Given material:

Segment Open

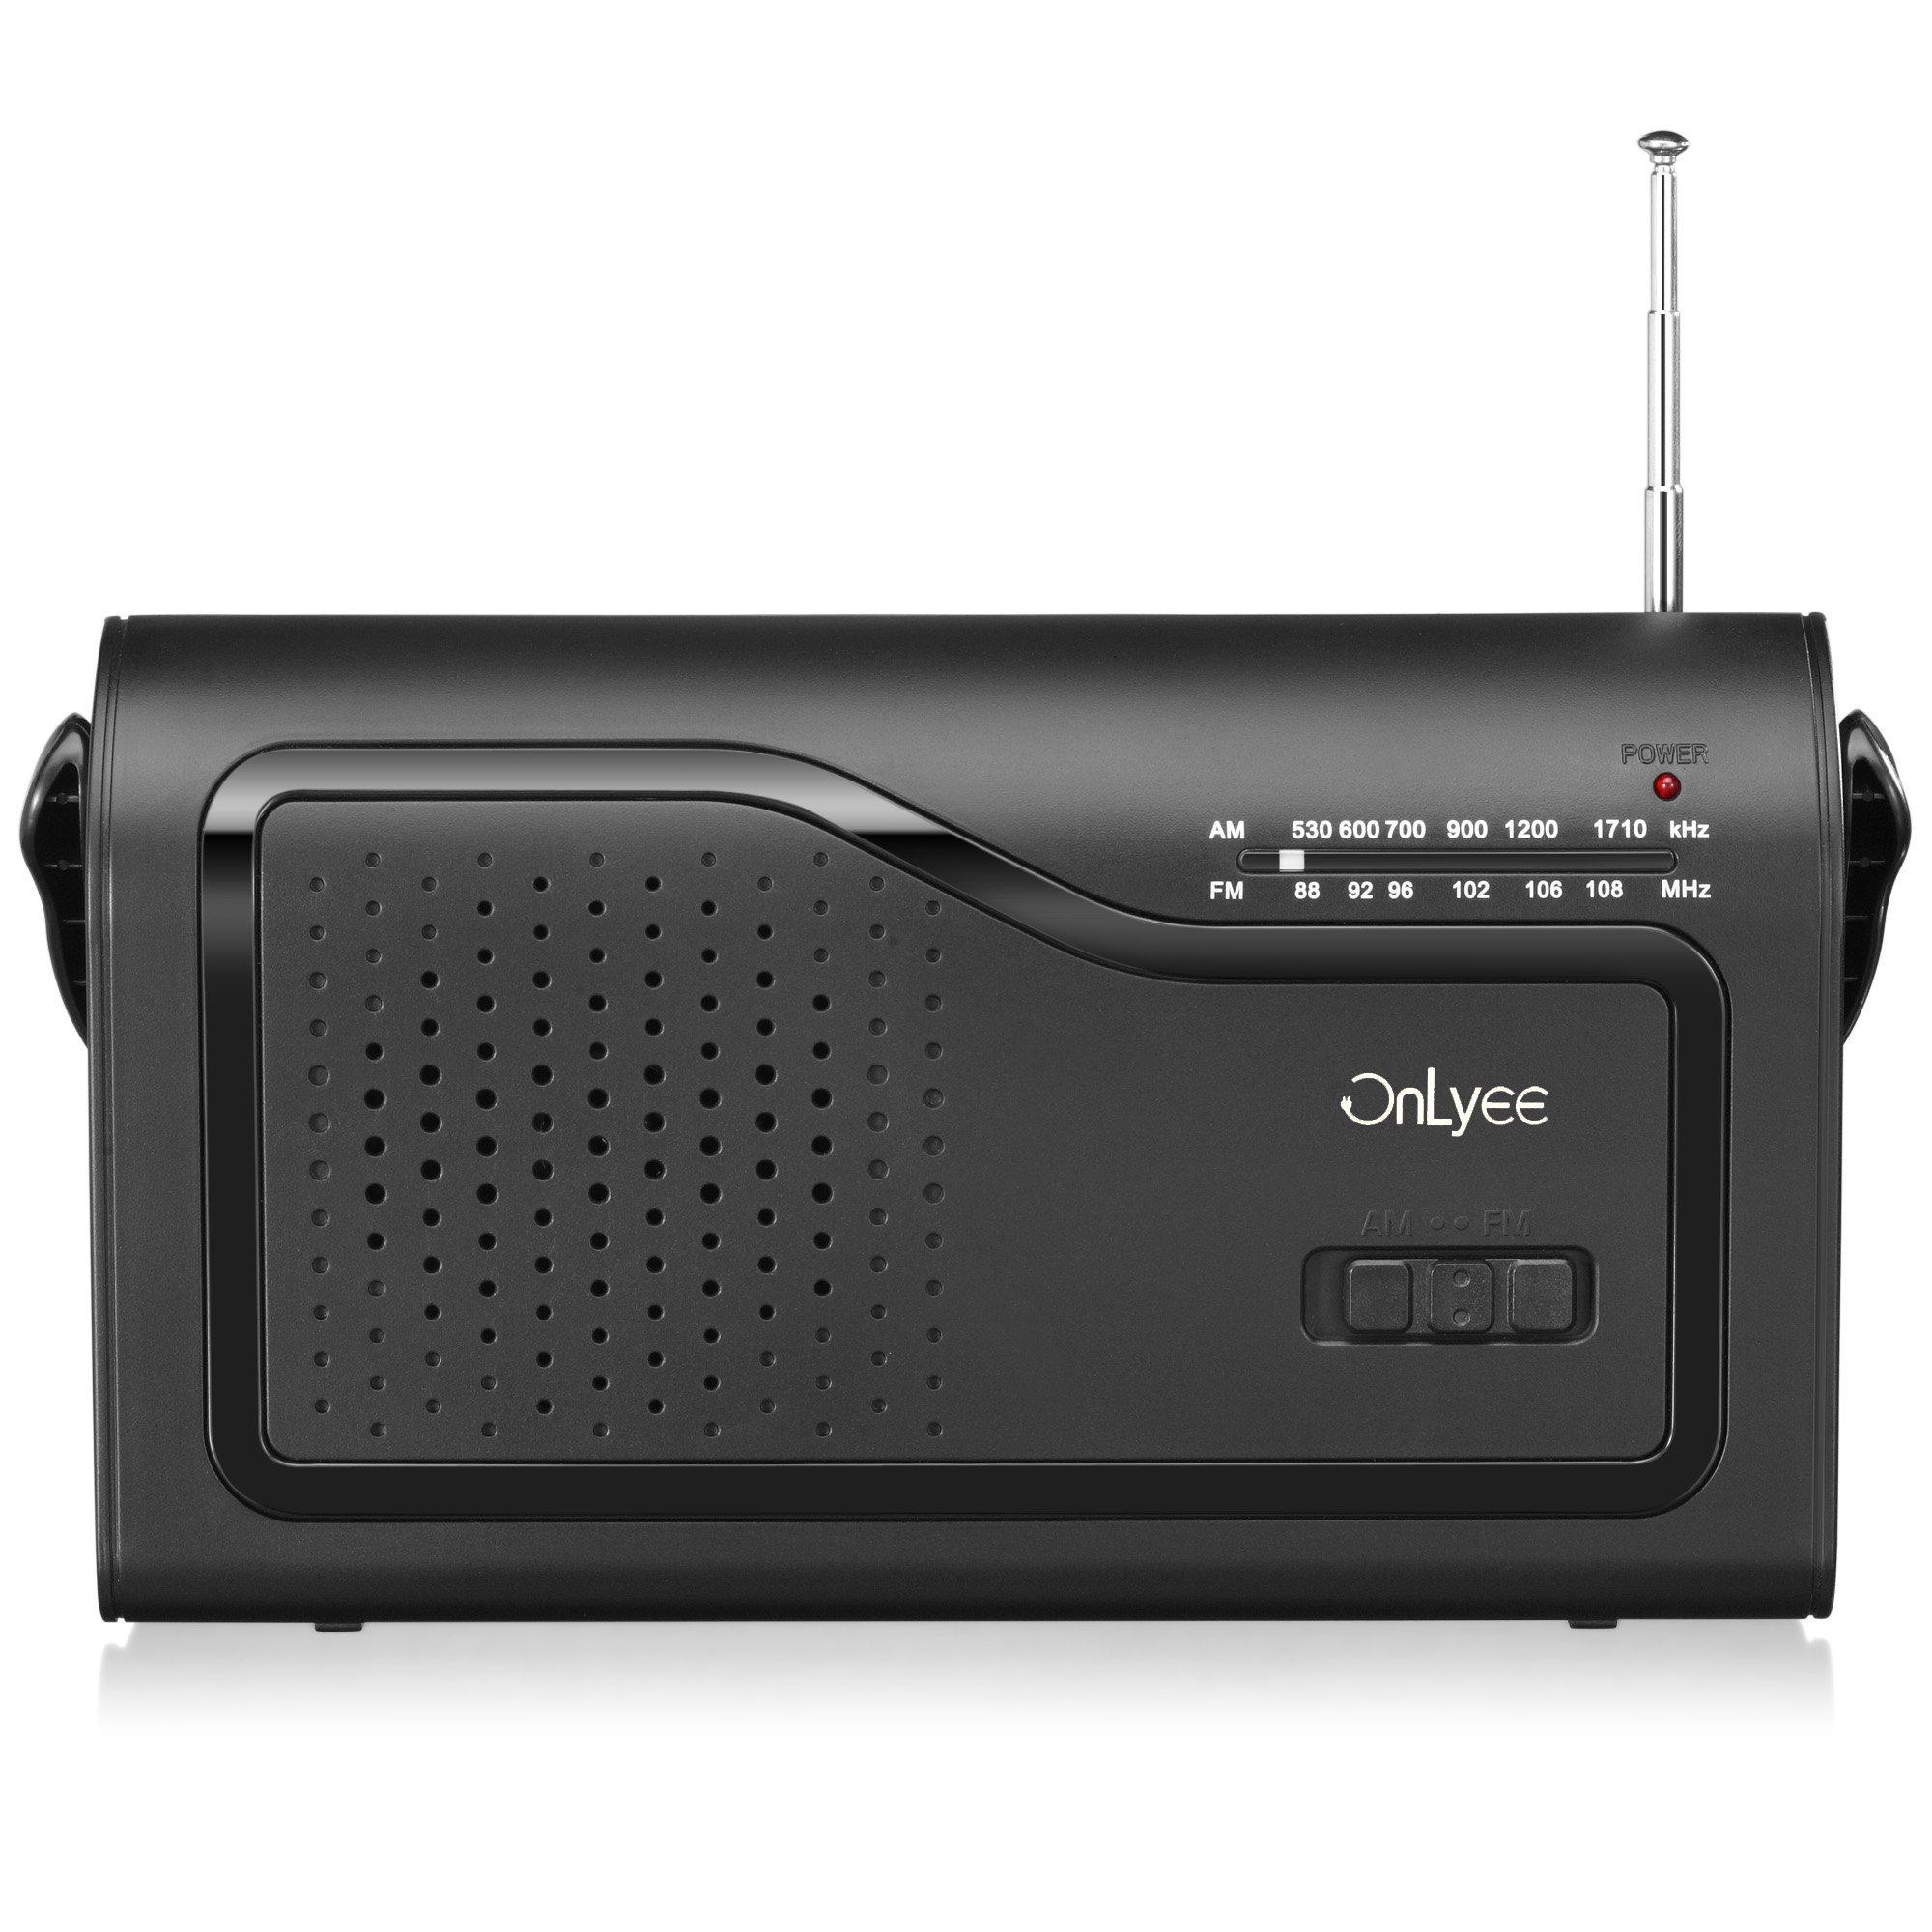 OnLyee AM FM Portable Radio (Black)
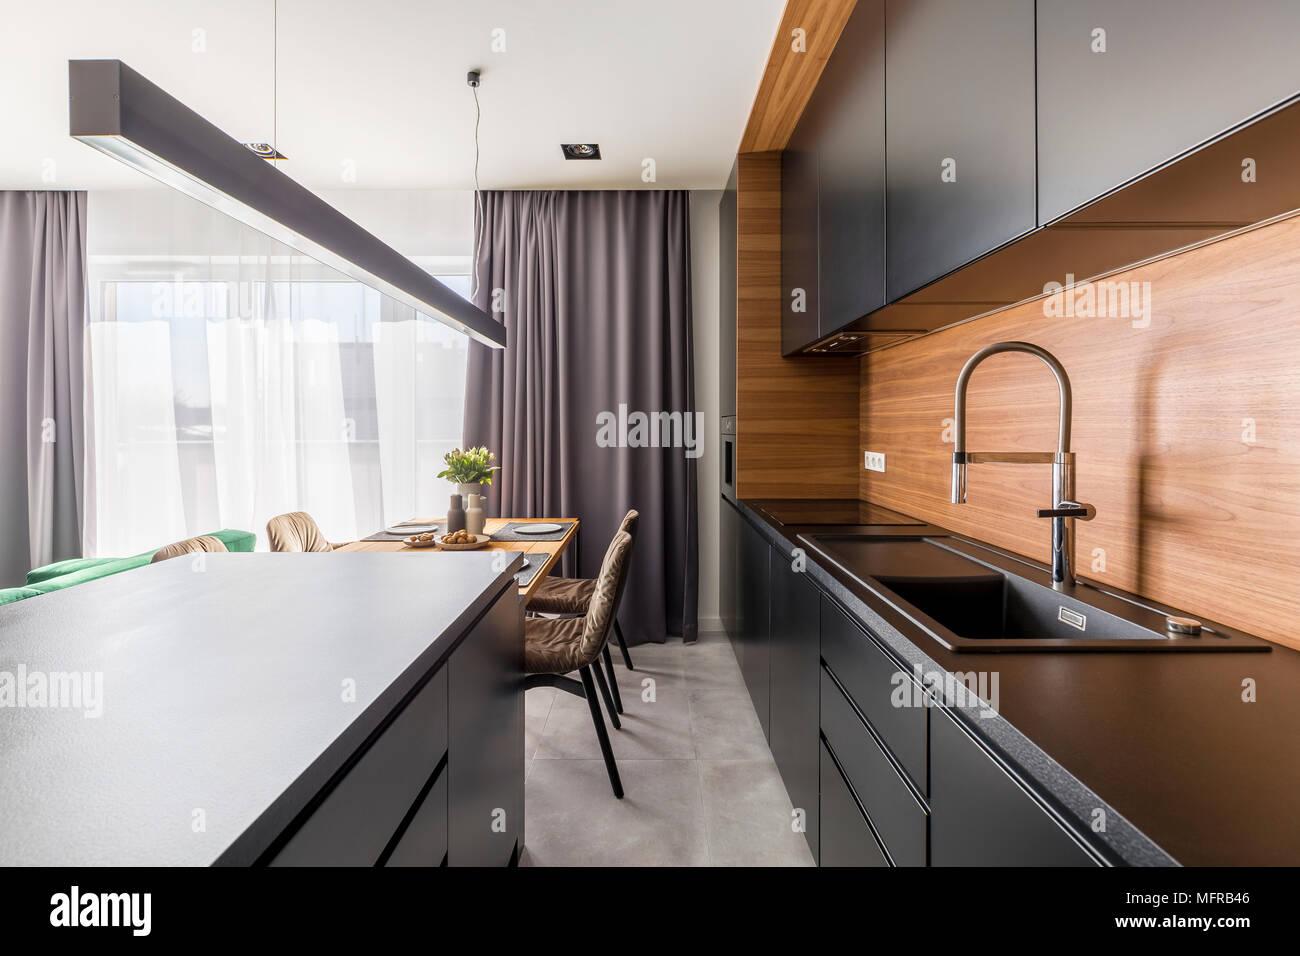 Atemberaubend Küche Unter Beleuchtung Lowes Schrank Ideen - Ideen ...
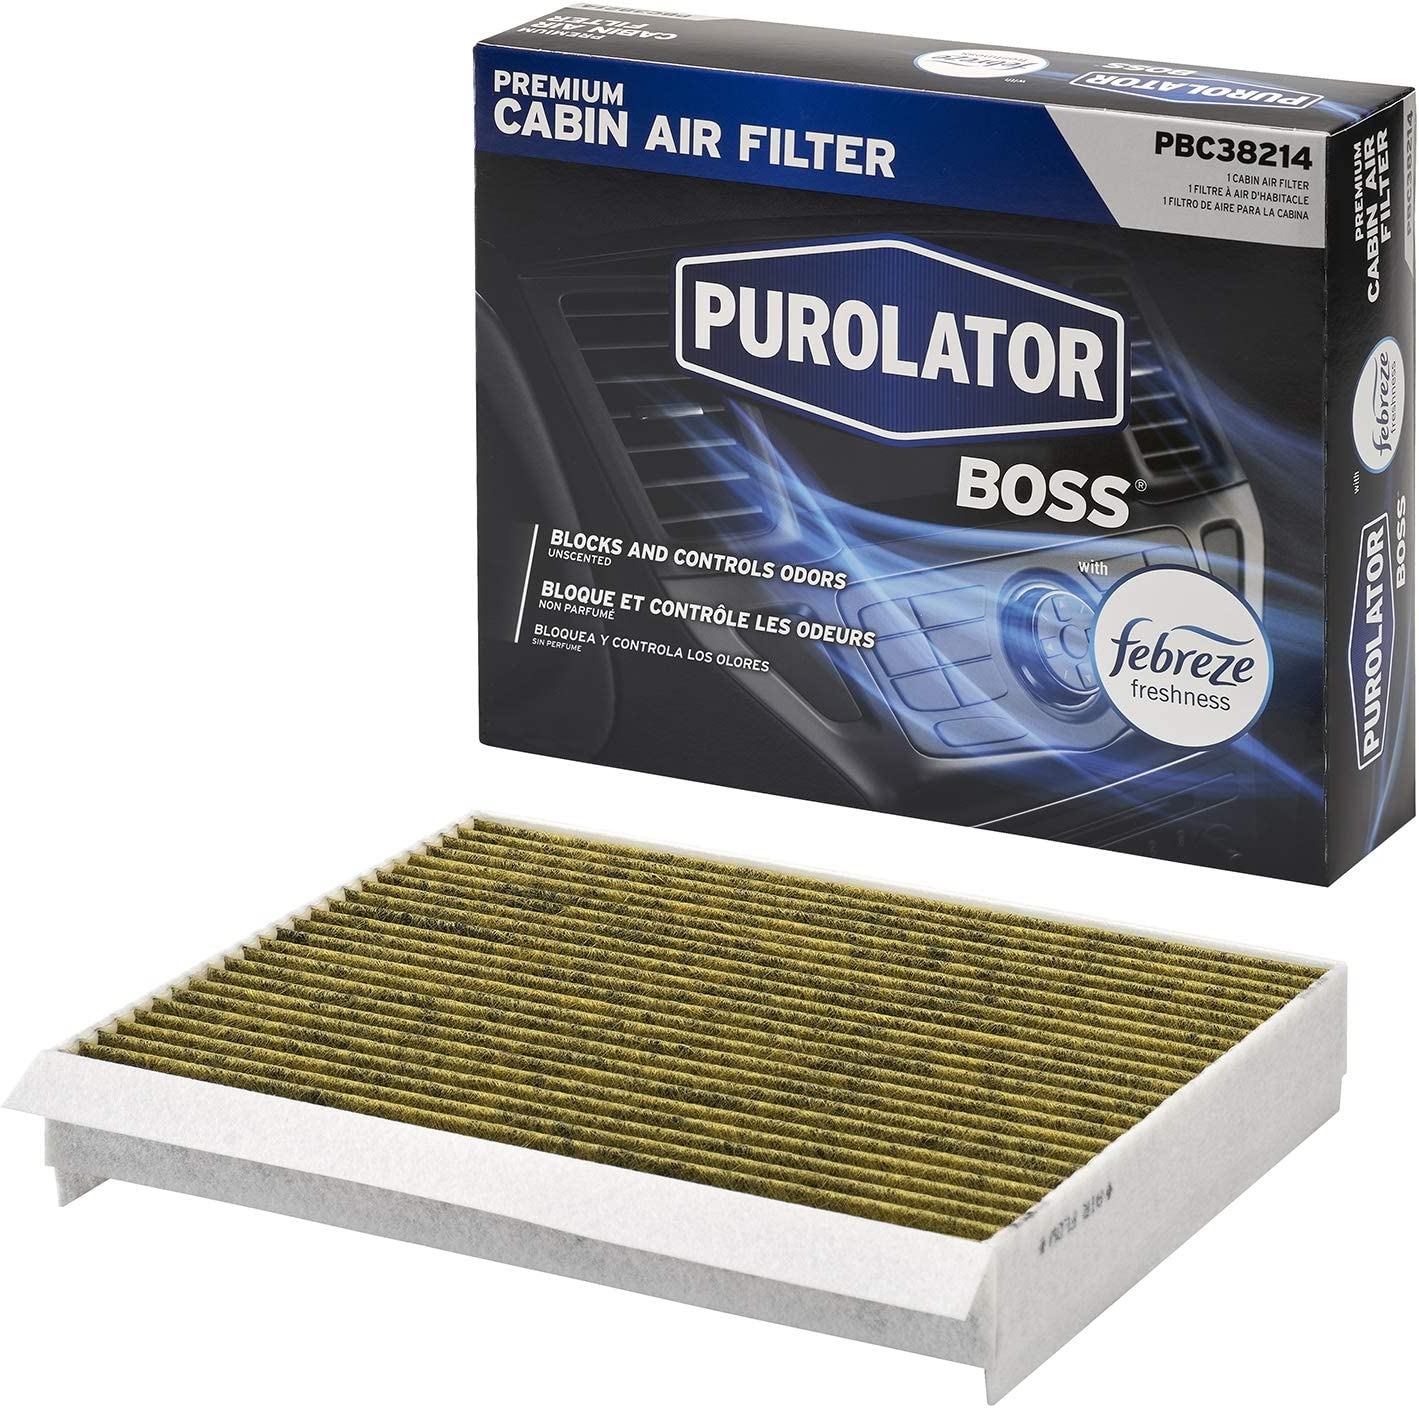 Purolator PBC38214 PurolatorBOSS Premium Ranking TOP3 Cabin F Deluxe with Air Filter

Segment Closed

What you will do:
For this exercise, return the data above exactly and leave every picture out.

Expected output:
 OnLyee AM FM Portable Radio (Black)
 Atemberaubend Küche Unter Beleuchtung Lowes Schrank Ideen - Ideen ...
 Purolator PBC38214 PurolatorBOSS Premium Ranking TOP3 Cabin F Deluxe with Air Filter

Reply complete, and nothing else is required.